According to Lemken CEO, Anthony van der Ley, the company has enjoyed double-digit growth in 2021 with more of the same to come in 2022.

This has been achieved in an equal manner across all its markets, Ireland included.

Speaking at Lemken’s recent Blue Innovation Day, van der Ley said that agricultural markets look set to remain strong for the first six months of 2022.

We have a full order book at the present time. But it’s not possible to look beyond the mid-point of next year in terms of determining future market trends.

“Innovation will continue to drive the agricultural machinery market and digitalisation will be a powerful tool within the sector, provided we use it with respect.”

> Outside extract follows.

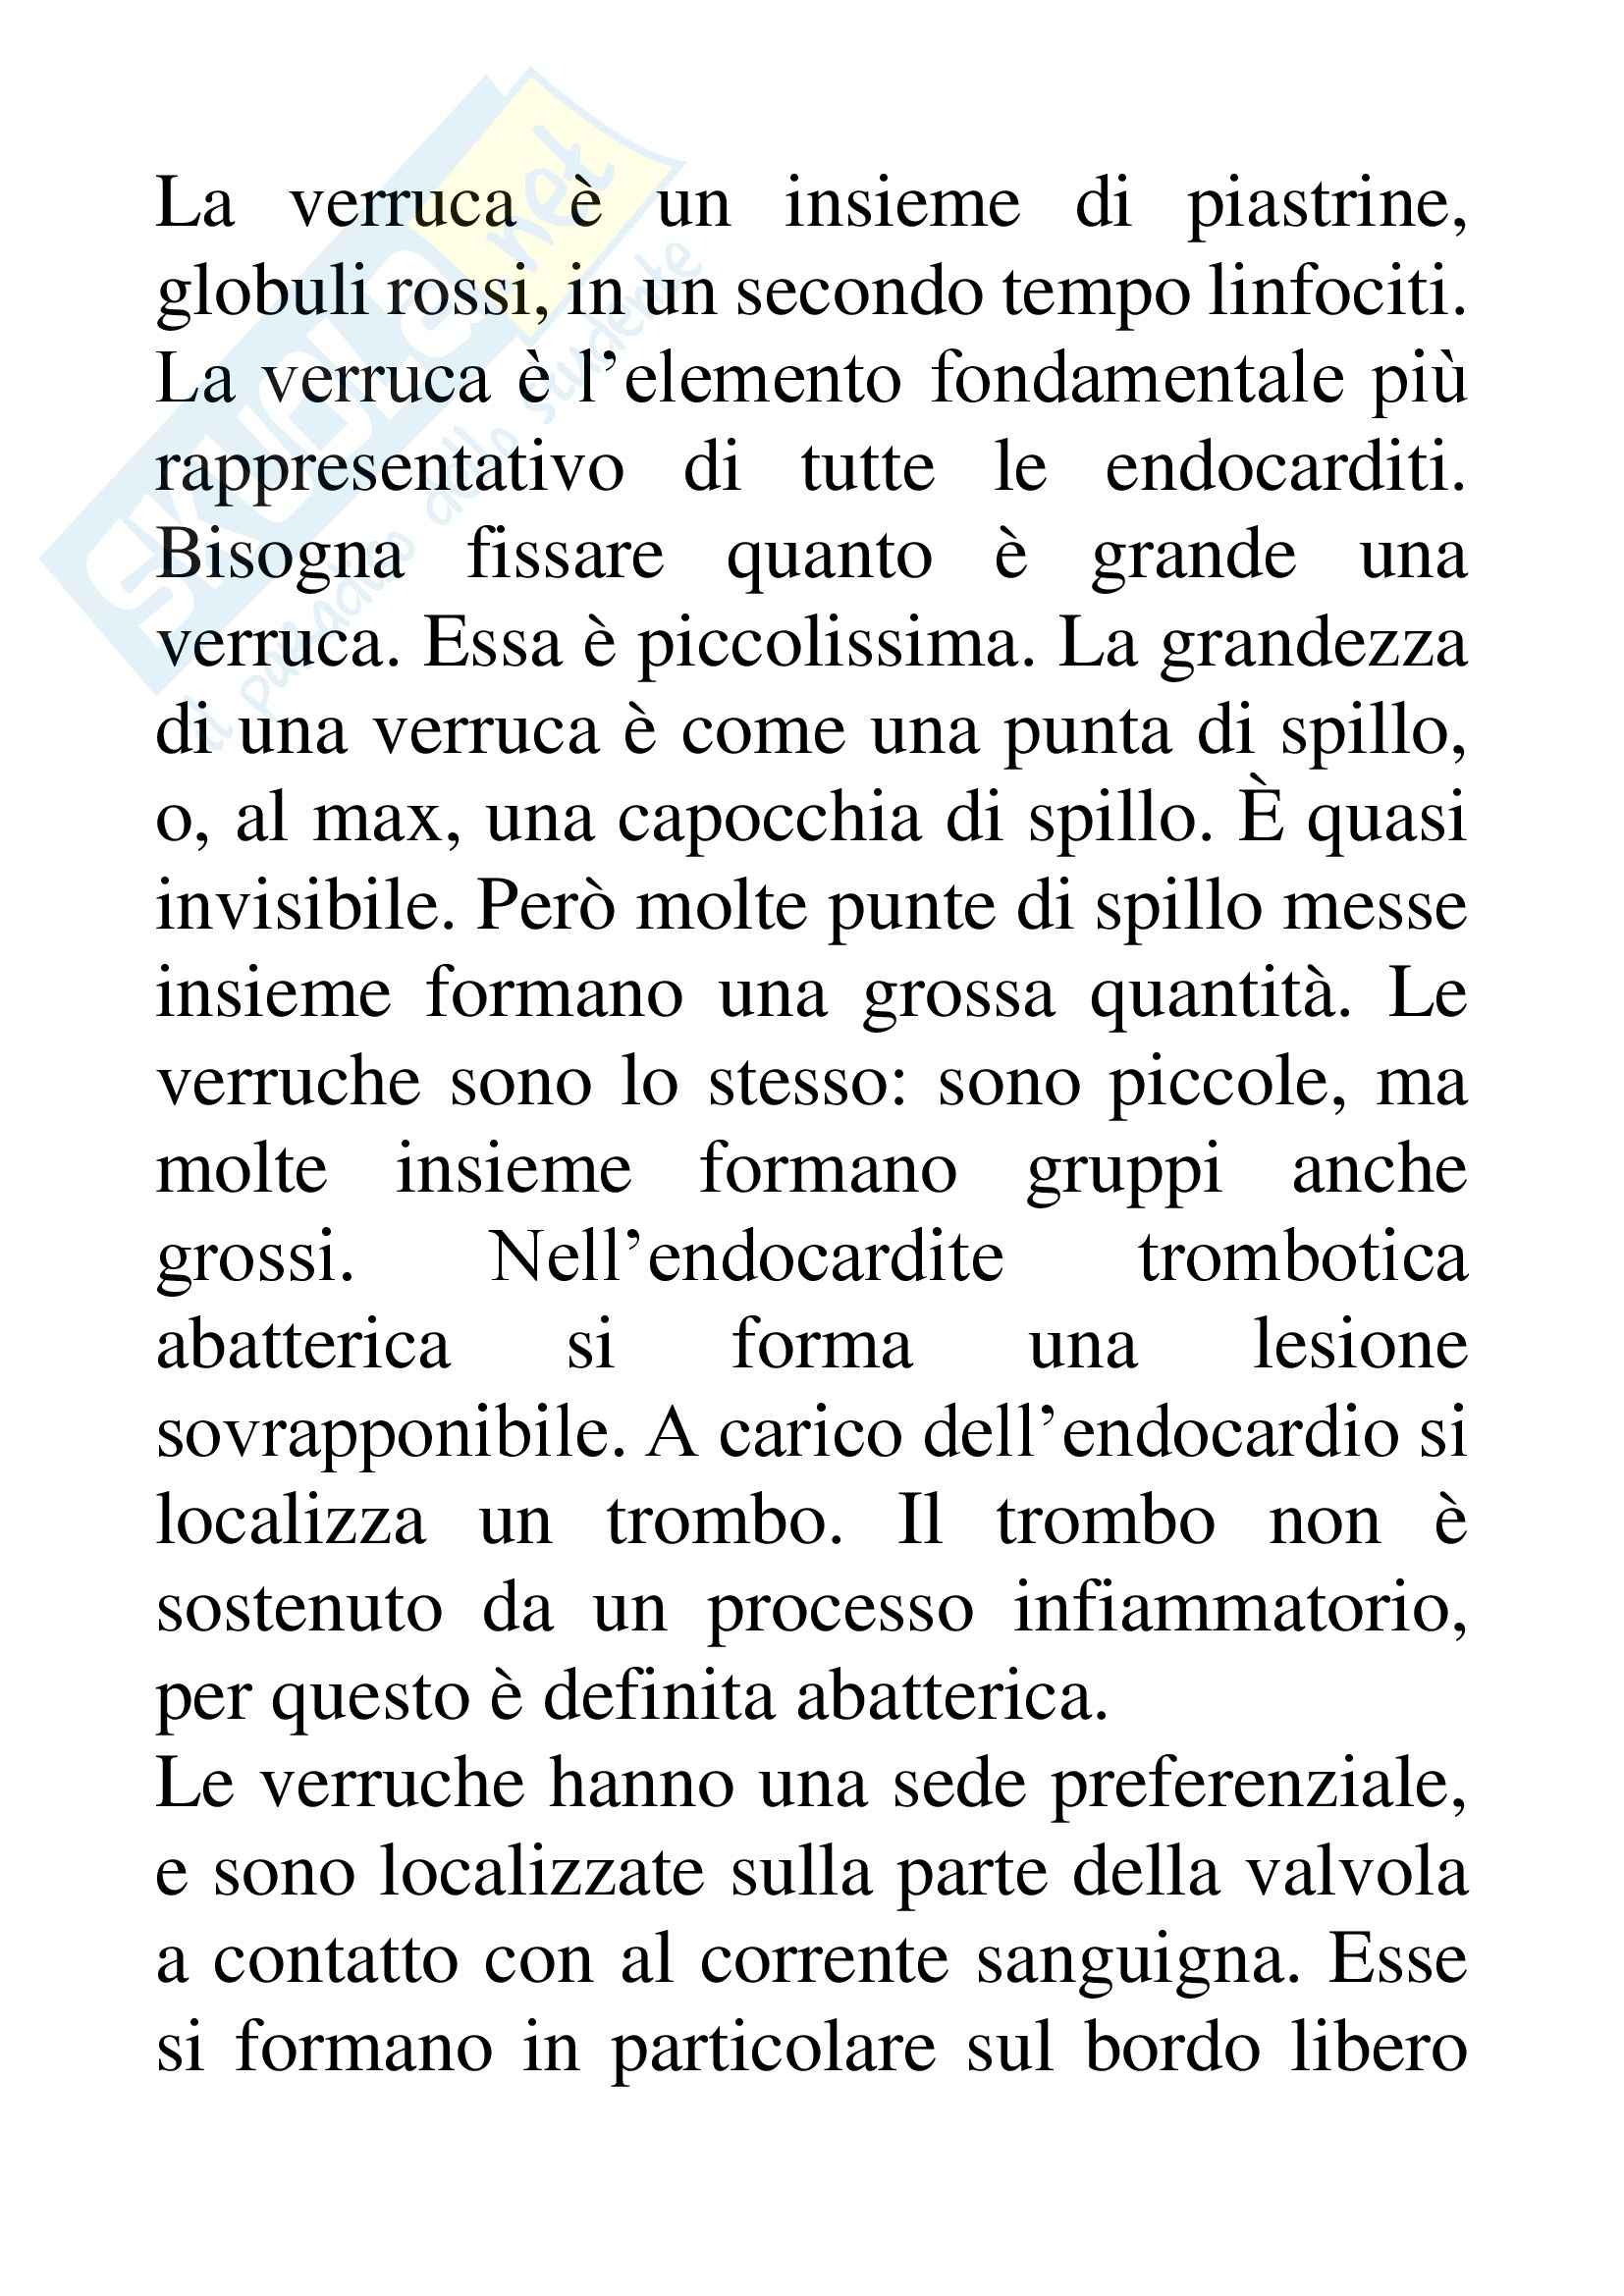 Anatomia patologica - Endocardite marantica Pag. 2

Van de Ley believes that intelligent, digital-driven advances will revolutionise agriculture over the coming decades.

A case in point is his assertion that farmers will soon be able to meet the exact needs of individual plants within a crop from a nutrient-provision point of view.

Autonomous machines will soon be a commercial reality.

But it isn’t all plain sailing for machinery-manufacturing companies like Lemken at the present time.

The CEO confirmed that rising input costs are now impacting significantly on market prices across the Lemken product range.

He confirmed that steel prices had risen by 95% over the past 12 months with the costs of electronic components increasing by 50% during the same period.

“Fuel and transport costs have increased accordingly,” van der Ley explained.

Lemken - 2022 price increase

Given these factors, Lemken has confirmed that its product prices in Ireland will increase by 10% in 2022, relative to the previous year.

All Lemken seed drills and range of cultivation equipment are eligible for TAMS support, the company said.

However, ploughs are not included within the remit of the scheme.

Blue Innovation Day was used as the launch pad for a campaign which will see Lemken put the need for farmers to maximise soil health at the very heart of every communication-related activity it undertakes into the future.

The business has had a very close relationship for a number of years with the UK-based agronomy services company, Agrii.

Trial work already undertaken as a result of this collaboration has shown that ploughing alone can reduce blackgrass levels in heavily infested fields by up to 60%.

Later sowing dates will also act to provide farmers with greater opportunities to reduce blackgrass populations, using physical control methods alone.